Let's take a brief stroll into how a bitcoin transaction and bitcoin mining works:

  1. Some person wants to send money from their wallet to somebody else's wallet, so they broadcast a message to the world announcing their intent to do this. (the message is signed by their wallet's private key).

  2. Miners collect these announcements that are flying around and roughly once per 10 minutes, they hash them into a block. The decentralized and proof-of-work nature of bitcoin comes from the fact that miner's can't just publish a block, they need to play with inserting random values into the block until the SHA-256 hash of the block has at least N leading zeros (N is called the work-factor, and get adjusted based on the number of miners in the system). The first miner to find a successful combination of random numbers gets to publish that block, and gets rewarded with a bitcoin (plus any tips in the transactions).

So basically, we have a non centralized chain verification based on hash and random number puzzles. A signed intent to transfer message bitcoin is sent to all miners and they all compete to solve a problem using that message. Once a miner successfully solves that block, a new block starts.

This has a striking resemblance to your suggestion:

they have a non centralized stack verification based on puzzle solving. An encrypted code is sent to all the other phones in 3G and they all compete to solve a problem using that code, and another challenge starts.

I think you just invented bitcoin.


An to your actual questions:

Q: Can computation expense still be used to verify accounts? The FooPhones all have the same processing power and they randomly can win the verification task.

At the surface, "puzzle solving" still sounds like "proof-of-work" to me.

I don't think you've told us in enough detail how the verification works. What exactly is that "code" they send each other? What's the mechanism for transferring part of a FooCoin from one FooPhone to another? What puzzle are the "miners" solving?

Q: Can FooCoin OS on mobiles be hacked by fast PC's that use false ID's?

What ID's? This is the first time you've mentioned ID's in your question. How are ID's related to FooCoin?
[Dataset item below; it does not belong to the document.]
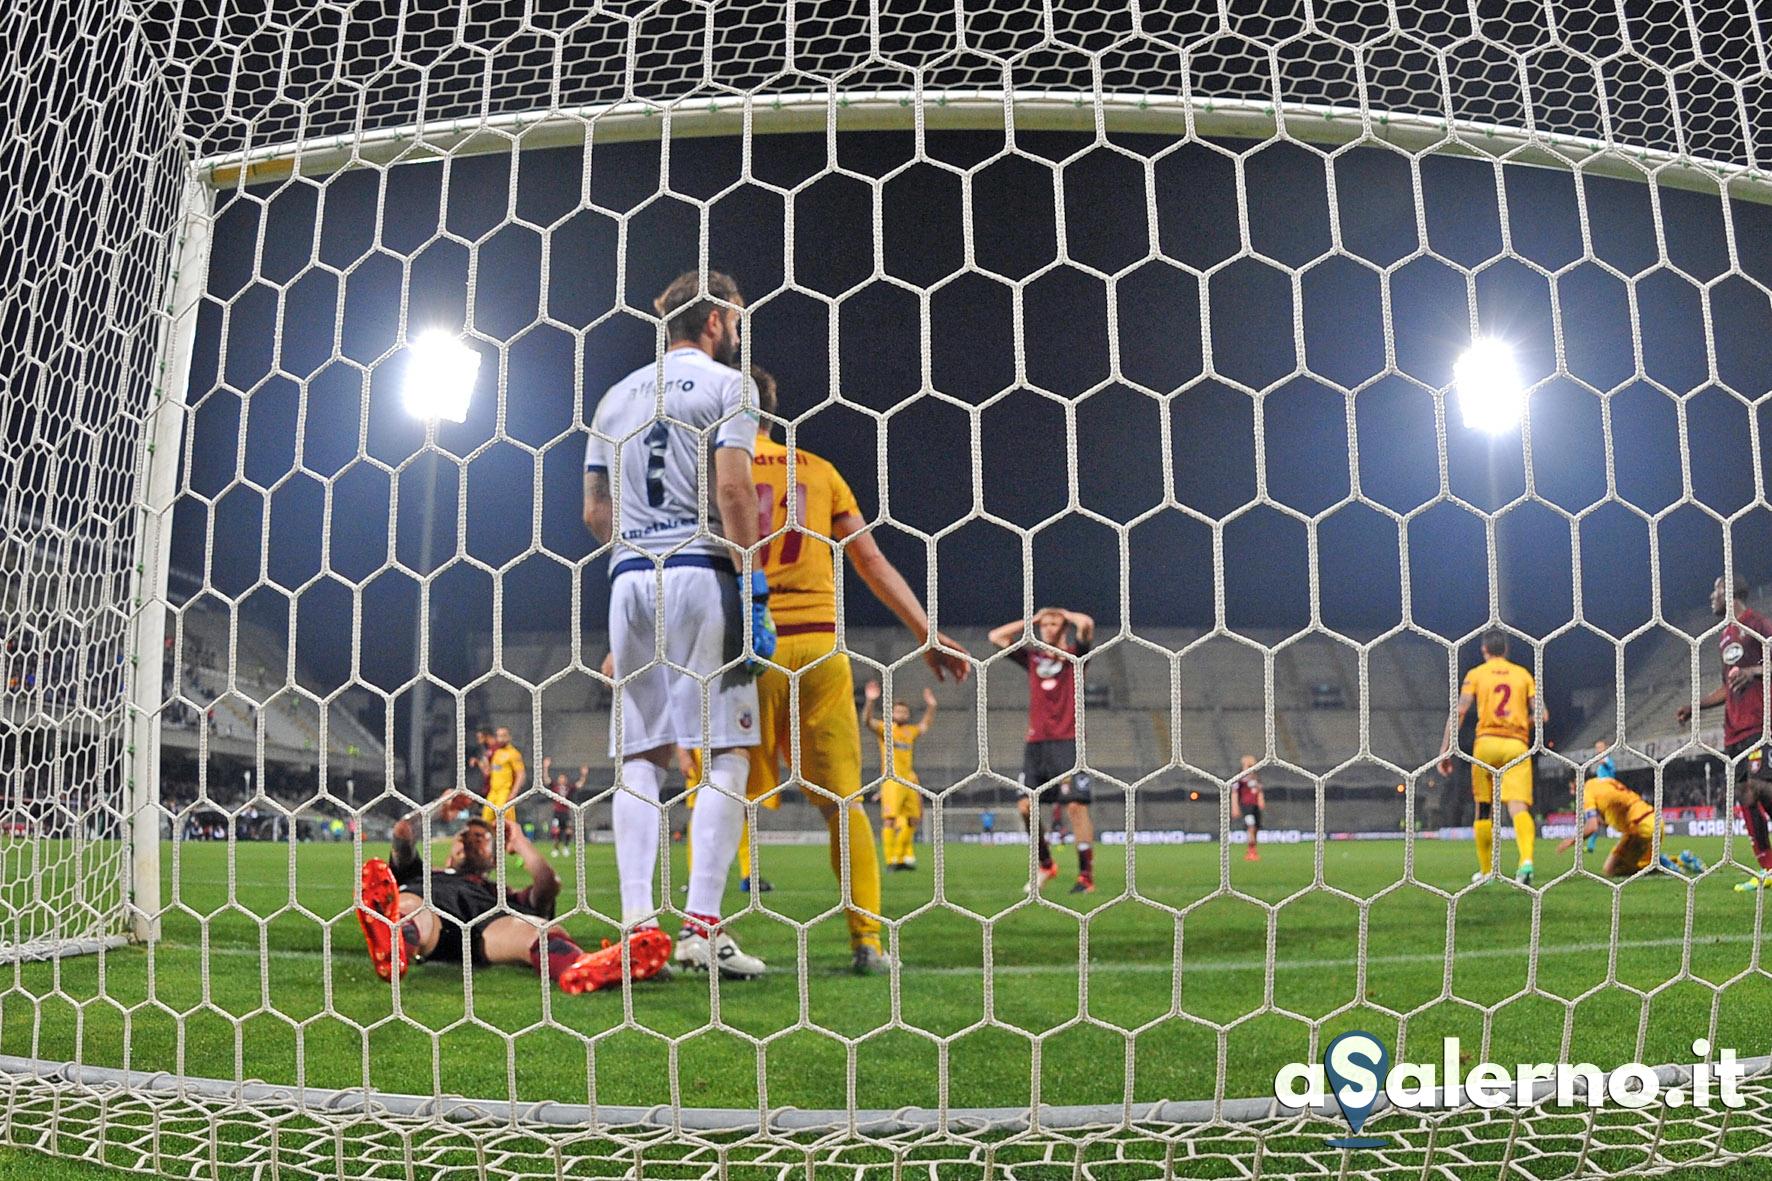 Salerno. Salernitana - Cittadella campionato serie B 2016/2017

But in general, it seems like you're relying on the "closed-source-ness" of the FooCoinOS as your protection. 1) You can hardly call this "non centralized" if a small number of developers controls the code, and 2) if FooCoins get valuable enough, the source code will get leaked, either through hacking the servers where the source code lives; reverse-engineering a FooPhone; or by one of the devs getting greedy and selling the source code, at which point you'll have server farms competing with your FooPhones to solve the puzzles.